As we sit amidst a pandemic, I marvel at the difference in how each person is navigating this shared traumatic space. What makes some of us carry on with little impact on our mental health and wellness, while others struggle to get through life’s daily tasks?

I believe it is Resilience. Resilience isn’t something you are born with. It is complex and developed over time, through personal experiences and environments, through parenting and opportunities, through responses from those who are close to us. It is informed by our temperament, personality, genetics, and epigenetics. It is so complicated and intertwined it is difficult to pinpoint how to develop or acquire resilience. But resilience is how we counteract Adverse Childhood Experiences (ACEs) and other traumatic events. Positive Childhood Experiences (PCEs), sometimes called Benevolent Childhood Experiences (BCEs) or Counter-ACEs, are the experiences that help us develop resilience and counteract the harmful effects of ACEs.

In a study done by Johns Hopkins University (Bethell et al., 2019) a seven-item Positive Childhood Experience (PCE) survey was developed to understand the effects of positive experiences on health and wellness. The positive experiences in the survey were: (1) Was able to talk with the family about my feelings; (2) Felt that my family stood by me during difficult times; (3) Enjoyed participating in community traditions; (4) Felt a sense of belonging in high school; (5) Felt supported by friends; (6) Had at least two non-parent adults who took a genuine interest in me; (7) Felt safe and protected by an adult in my home. Another study by Crandall et al. (2019) from Brigham Young University, used a 10 item scale called Benevolent Childhood Experiences (BCEs): (1) At least one caregiver with whom you felt safe; (2) At least one good friend; (3) Beliefs that gave you comfort; (4) Enjoyment at school; (5) At least one teacher that cared; (6) Good neighbors; (7) An adult (not a parent/caregiver) who could provide you with support or advice; (8) Opportunities to have a good time; (9) Ability to like yourself or feel comfortable with yourself; (10) Predictable home routine. The indicators from these studies demonstrate the important role protective factors play in a child’s life and how they help to increase a child’s resiliency.

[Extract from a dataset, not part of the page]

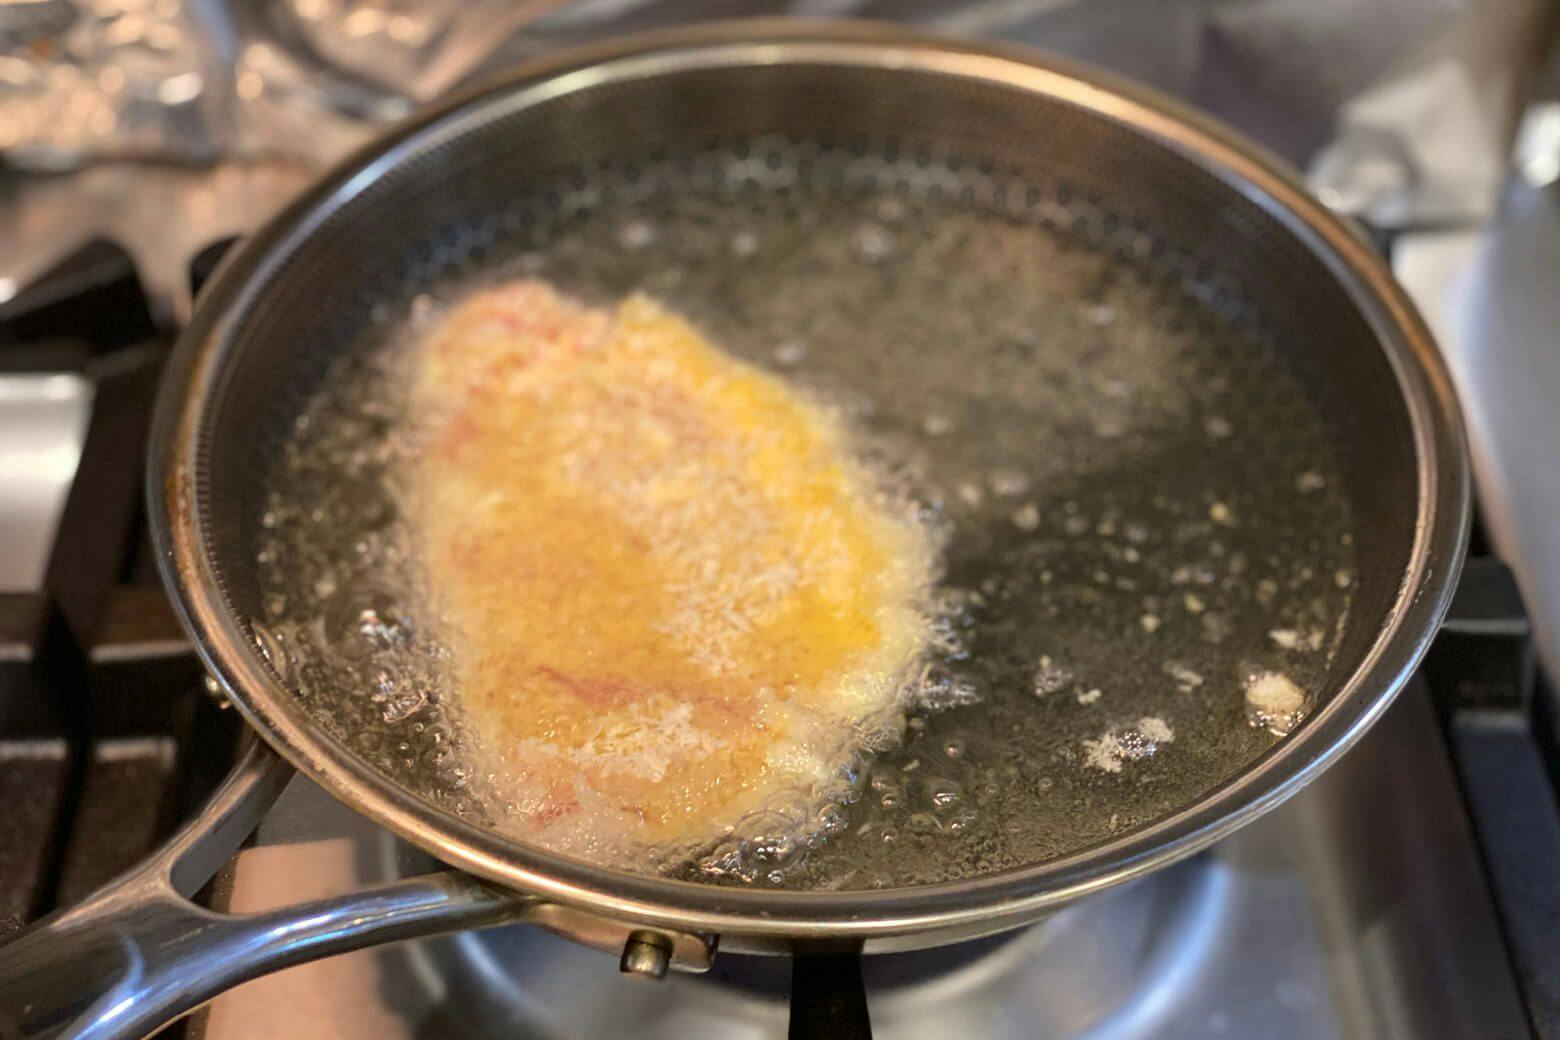 Cook in the frying oil until it turns a crispy golden color

Both studies show when a person has high PCEs/BCEs they counter-act ACEs, mitigating harmful lifelong effects.  In a perfect world, we would prevent ACEs. While we continue to aspire to this, a parallel strategy is to increase positive childhood experiences to ensure that when a person encounters a traumatic experience, they are equipped with the strategies and skills needed to bounce back. Furthermore, the studies suggest that the absence of positive childhood experiences may, in fact, be more harmful than the presence of adverse childhood experiences.

Here are a few ways we can promote positive childhood experiences, build resilience, and improve children’s mental health and wellness trajectory:

  1. Educate, educate, educate. If parents understand how to set their child on a positive lifelong trajectory, they will.
  2. Educate early care and education providers, school personnel, teachers, youth coaches, faith-based leaders, etc. on the tremendous impact they have on the children in their care. They can be that ‘one’ adult who is a child’s greatest champion.
  3. Teach social skills – just like we teach academic skills. Provide opportunities to support children’s development of friendship skills, problem-solving skills, taking turns, communicating their needs and wants, etc. These will prove to be their most important skills as they grow older.
  4. Teach emotional literacy. Children experience all emotions and feelings – label them, talk about them, model for them, hold space for them. Be there to help them self-regulate when their emotions are big.
  5. Provide routine and structure in children’s day. Children do better when they know what is coming and it helps them self-regulate.
  6. Encourage fun and enjoyment of each other – at home, at school, in the workplace. Comradery, laughter, and having fun does a body (and the mind) good!
  7. Integrate play as often as possible! Children develop foundational social and emotional skills through play.
  8. Find ways to help strengthen the parent-child dyad and family partnerships.

References:

Bergland, Christopher. “A 17-Item Checklist Geared to Neutralize Early Life Distress.” 17 September 2019, Psychology Today, https://www.psychologytoday.co...-early-life-distress. Accessed 9 Dec. 2020.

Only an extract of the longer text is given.